Run training script in DDP using GLOO

Hello,

I am desperately trying to run my training script in DDP using GLOO (on windows). I managed to do it on a single machine having 2 GPUs running the following command:

launch.py
–nproc_per_node=2
my_script.py

As NLCC is not available on windows I had to tweak the ‘setup_devices’ method of ‘training_args.py’ and write:

torch.distributed.init_process_group(backend=“nccl”) → torch.distributed.init_process_group(backend=“gloo”)
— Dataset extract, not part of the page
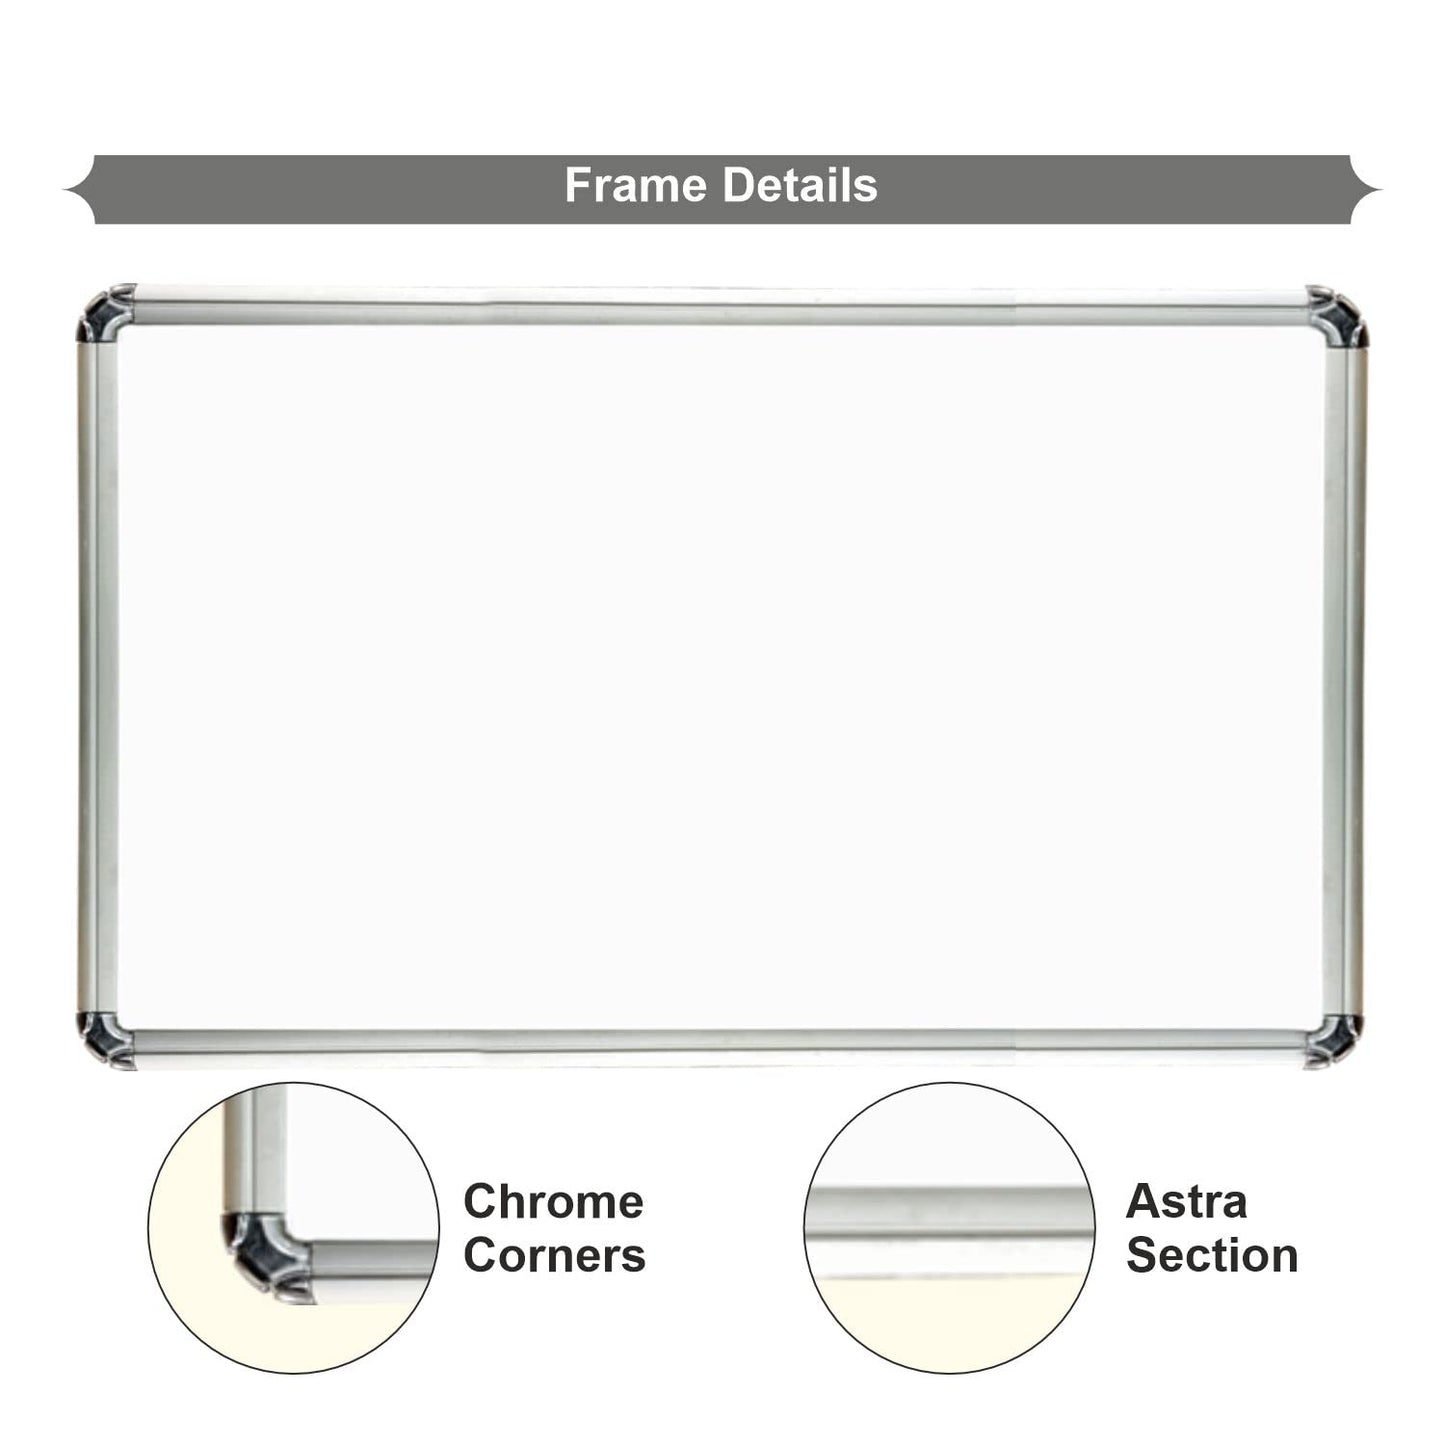 Digismart Board Whiteboard Nova Channel for Office, Home & School Aluminum Frame (Pack of 1) (Non Magnetic)
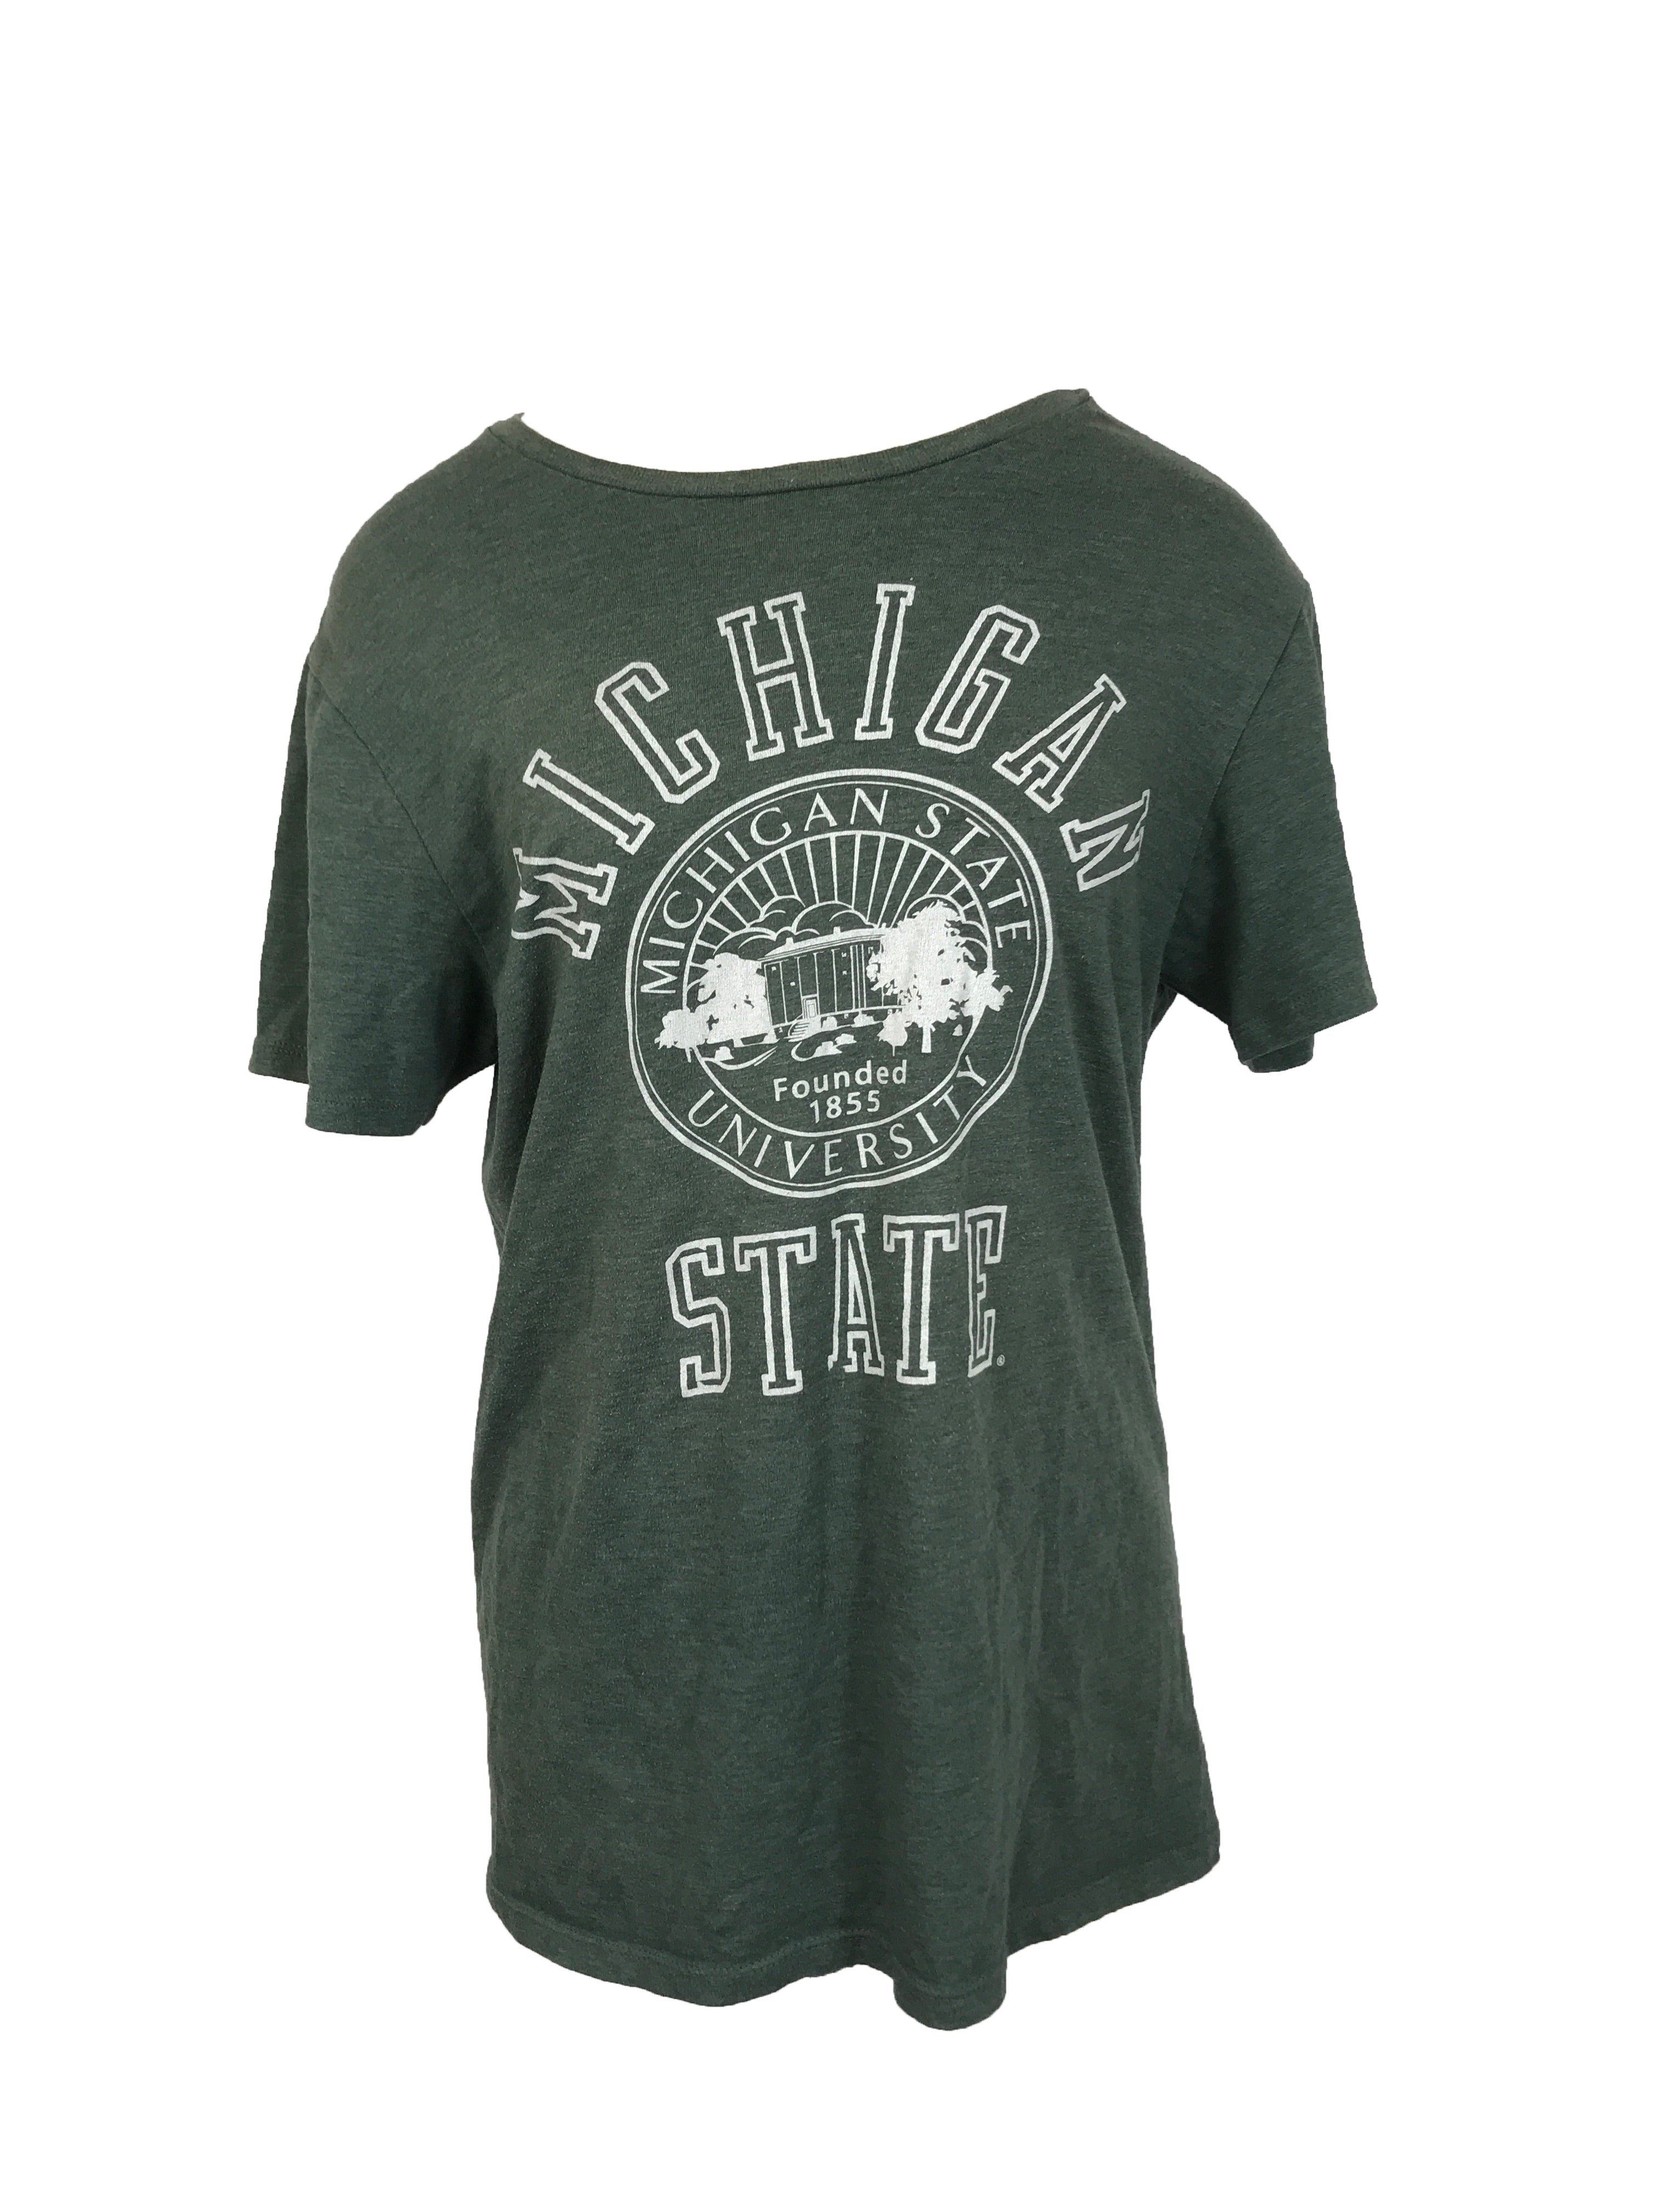 Green Michigan State T-Shirt Women's Size M

along with the ‘distributed_concat’ in ‘trainer_pt_utils.py’:

dist.all_gather(output_tensors, tensor) → dist.all_gather(output_tensors, tensor if len(tensor.shape) > 0 else tensor[None])

With those 2 changes I can run my script using DPP and GLOO backend on my 2GPU windows machine.
Following that I am now trying to run the script on 2 windows machines with 2 GPU each. From what I have understand I need to run the same script on both machine. Hence I used the following command on the 2 machines:

…torch\distributed\launch.py
–nproc_per_node=2
–nnodes=2
–node_rank=0
–master_addr=“10.73.8.68”
–master_port=1234
my_script.py

and …torch\distributed\launch.py

–nproc_per_node=2
–nnodes=2
–node_rank=1
–master_addr=“10.73.8.68”
–master_port=1234
my_script.py

When doing so script start to be executed on both machine (loading the dataset on both sides) but then nothing happens and the scripts don t seem to go beyond the instruction:

torch.distributed.init_process_group(backend=“gloo”)

in training_args.py and just never ends…
Do you have any idea if what I am doing makes sense and how I should do to run my script in DDP on 2 windows machines with 2 GPU (using GLOO backend) ?

Thank you.

1 Like

did you manage to solve your issue? Mind sharing? :slight_smile: